Pada Januari 2021 lalu, Rinto mengatakan penyidik menambah satu pasal terkait pasar modal dalam kasus terkait yaoitu Pasal 104 Undang-Undang (UU) Pasar Modal. Dengan tambahan itu, artinya ada tiga tindak pidana yang diselidiki oleh penyidik.

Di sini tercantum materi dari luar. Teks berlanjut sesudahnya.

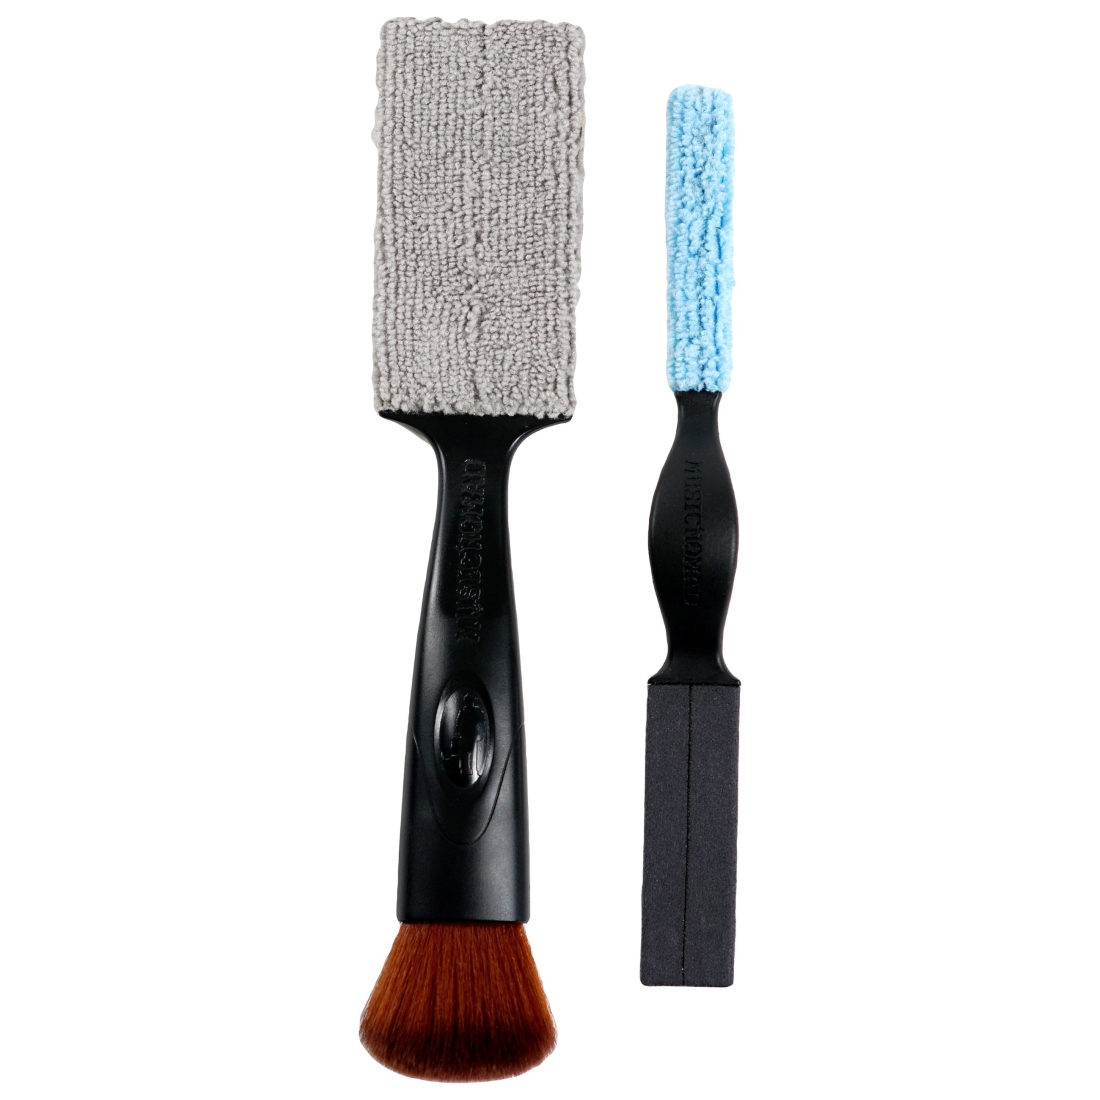 The Nomad Tool Set 2-Piece All-in-one Cleaning Set
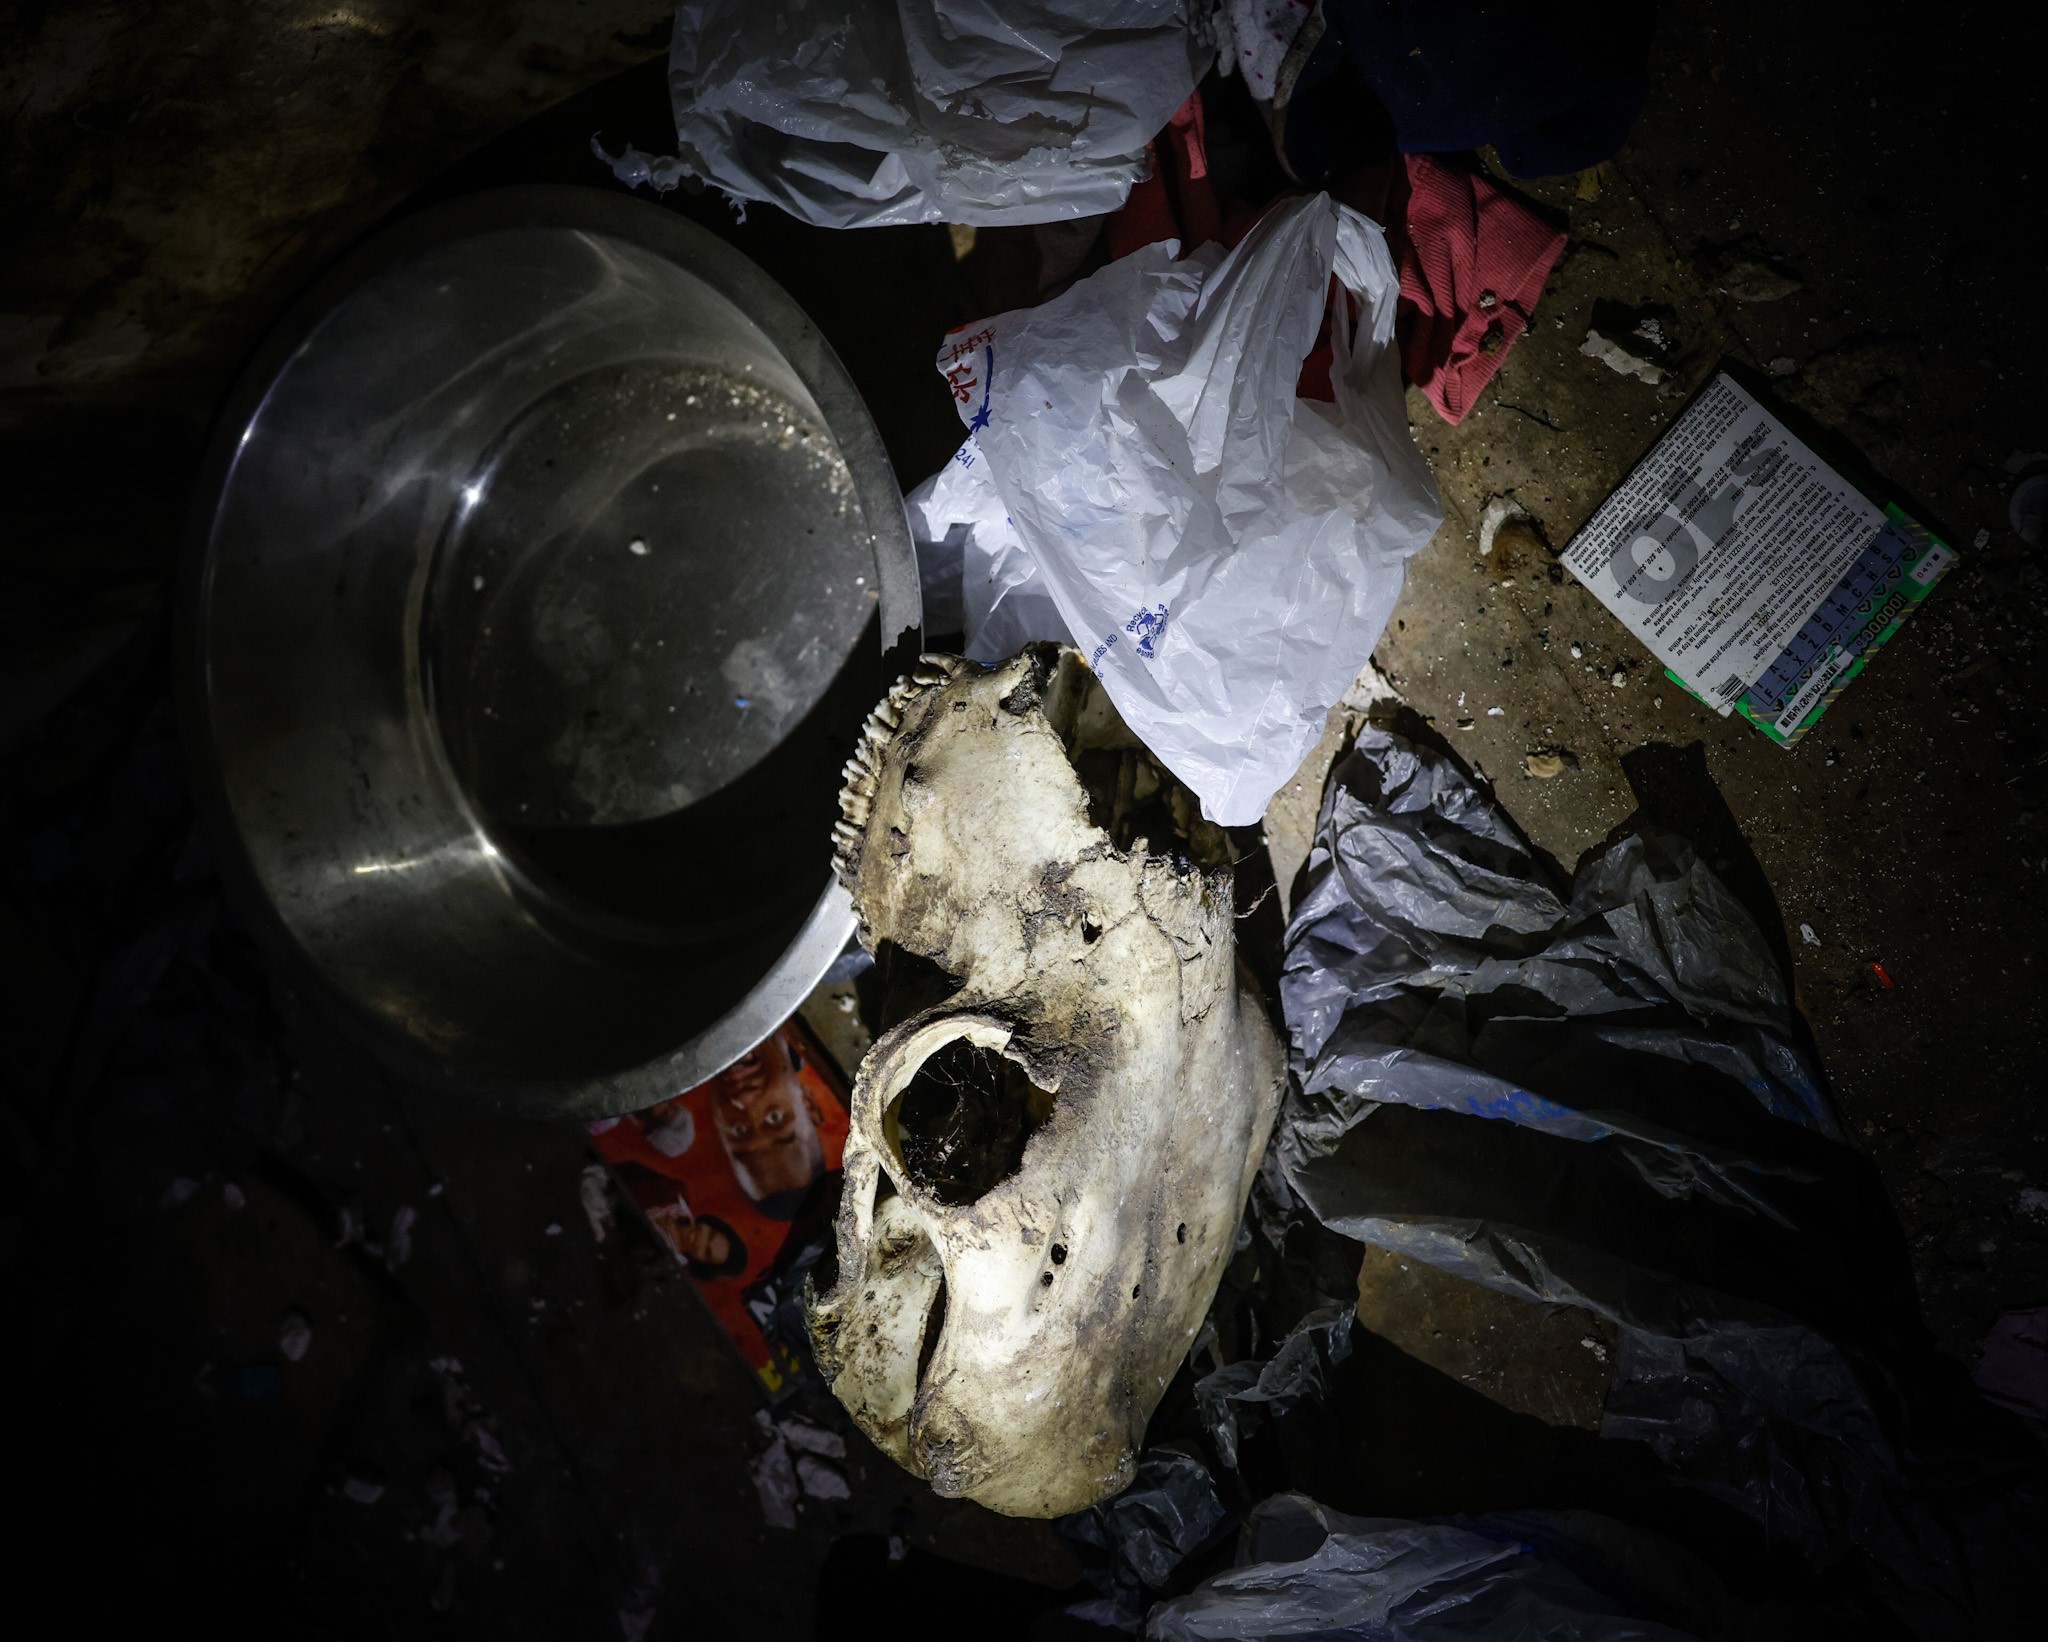 A cow skull was found in a nuisance house on Chapel St.  in Old North Dayton Tuesday June 21. The house was filled with dog cages potentially used to hold dogs for fighting, JIM NOELKER / STAFF

Rinto menjelaskan ada temuan bahwa Aakar membuka rahasia terkait perdagangan di Bursa Efek Indonesia (BEI). Hal ini biasa disebut dengan insider trading. "Informasi terbaru digunakan pasal 104 itu karena ada yang namanya unsur membuka rahasia terkait perdagangan di bursa saham," kata Rinto saat itu.
Dalam Pasal 104 UU Pasar Modal, pelanggaran tersebut diancam dengan pidana penjara paling lama 10 tahun dan denda paling banyak Rp15 miliar. Hingga akhirnya pada hari ini Selasa (12/10/2021) polisi menetapkan CEO PT Jouska Finansial Indonesia Aakar Abyasa Fidzuno menjadi tersangka kasus penipuan, penggelapan, kejahatan pasar modal, hingga pencucian uang.
Hal itu terungkap dalam Surat Pemberitahuan Perkembangan Hasil Penyidikan bernomor B/75/X/RES.1.11/2021.Dittipideksus yang ditujukan kepada Ketua Umum Teman Ganjar Rinto Wardana pada 4 Oktober lalu.
Dalam surat itu tertera informasi Badan Reserse Kriminal Polri akan memeriksa Aakar Abyasa Fidzuno dan Tias Nugraha Putra sebagai tersangka. Pemeriksaan dilakukan sesuai perkembangan hasil gelar perkara pada 7 September.
Dari hasil pemeriksaan polisi sepakat menetapkan Aakar menjadi tersangka. Pasal yang disangkakan adalah tindak pidana pasar modal dan/atau penipuan dan/atau penggelapan dan/atau tindak pidana pencucian uang sebagaimana dimaksud dalam Pasal 103 ayat 1 juncto Pasal 30 dan/atau Pasal 103 ayat 1 jo. Pasal 34 dan/atau Pasal 104 Jo. Pasal 90 dan/atau Pasal 104 Jo. Pasal 91 UU No 8 Tahun 1995 tentang Pasar Modal. Selain itu, Pasal 378 KUHP dan/atau Pasal 372 KUHP dan/atau Pasal 3, Pasal 4, Pasal 5 UU Pemberantasan Tindak Pidana Pencucian Uang.